# NLP (Natural Language Processing)
NLP is a subfield of computer science and artificial intelligence concerned with interactions between computers and human (natural) languages. It is used to apply machine learning algorithms to text and speech.

## NLTK
NLTK (Natural Language Toolkit) is a leading platform for building Python programs to work with human language data.

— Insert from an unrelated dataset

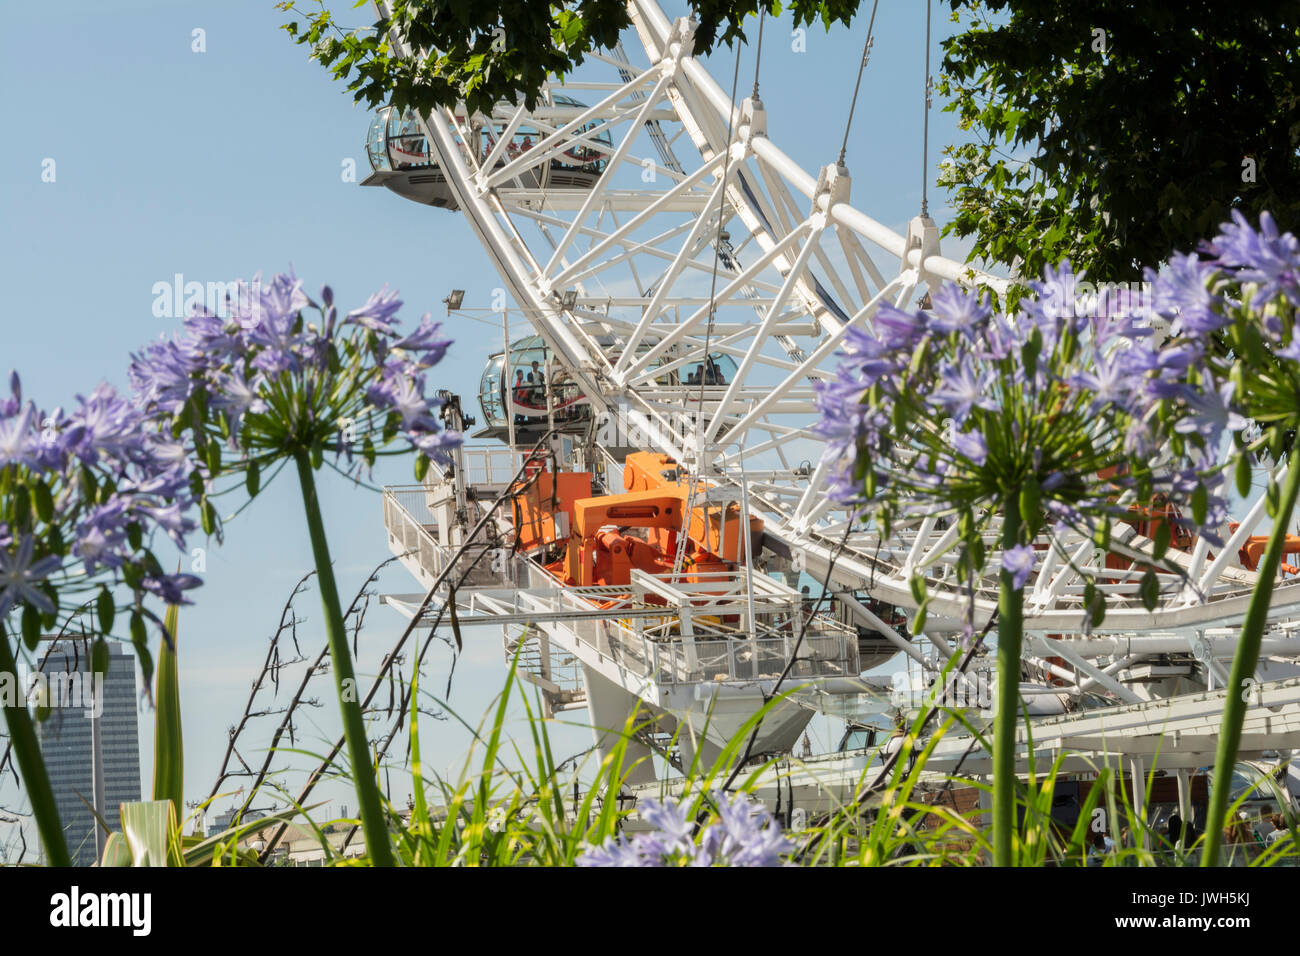 Das London Eye - Riesenrad am Südufer der Themse in London, Großbritannien Stockfoto

# The Basics of NLP for Text

1. Sentence Tokenization
2. Word Tokenization
3. Text Lemmatization and Stemming
4. Stop Words
5. Regex
6. Bag-of-Words
7. TF-IDF

In [2]:
import nltk

## Sentence Tokenization:
* Sentence tokenization (also called sentence segmentation) is the problem of dividing a string of written language into its component sentences. 
* we can split apart the sentences whenever we see a punctuation mark.

In [3]:
text = "Backgammon is one of the oldest known board games. Its history can be traced back nearly 5,000 years to archeological discoveries in the Middle East. It is a two player game where each player has fifteen checkers which move between twenty-four points according to the roll of two dice."
sentences = nltk.sent_tokenize(text)
for sentence in sentences:
    print(sentence)
    print()

Backgammon is one of the oldest known board games.

Its history can be traced back nearly 5,000 years to archeological discoveries in the Middle East.

It is a two player game where each player has fifteen checkers which move between twenty-four points according to the roll of two dice.



## Word Tokenization:
* Word tokenization (also called word segmentation) is the problem of dividing a string of written language into its component words
    

In [4]:
for sentence in sentences:
    words = nltk.word_tokenize(sentence)
    print(words)
    print()

['Backgammon', 'is', 'one', 'of', 'the', 'oldest', 'known', 'board', 'games', '.']

['Its', 'history', 'can', 'be', 'traced', 'back', 'nearly', '5,000', 'years', 'to', 'archeological', 'discoveries', 'in', 'the', 'Middle', 'East', '.']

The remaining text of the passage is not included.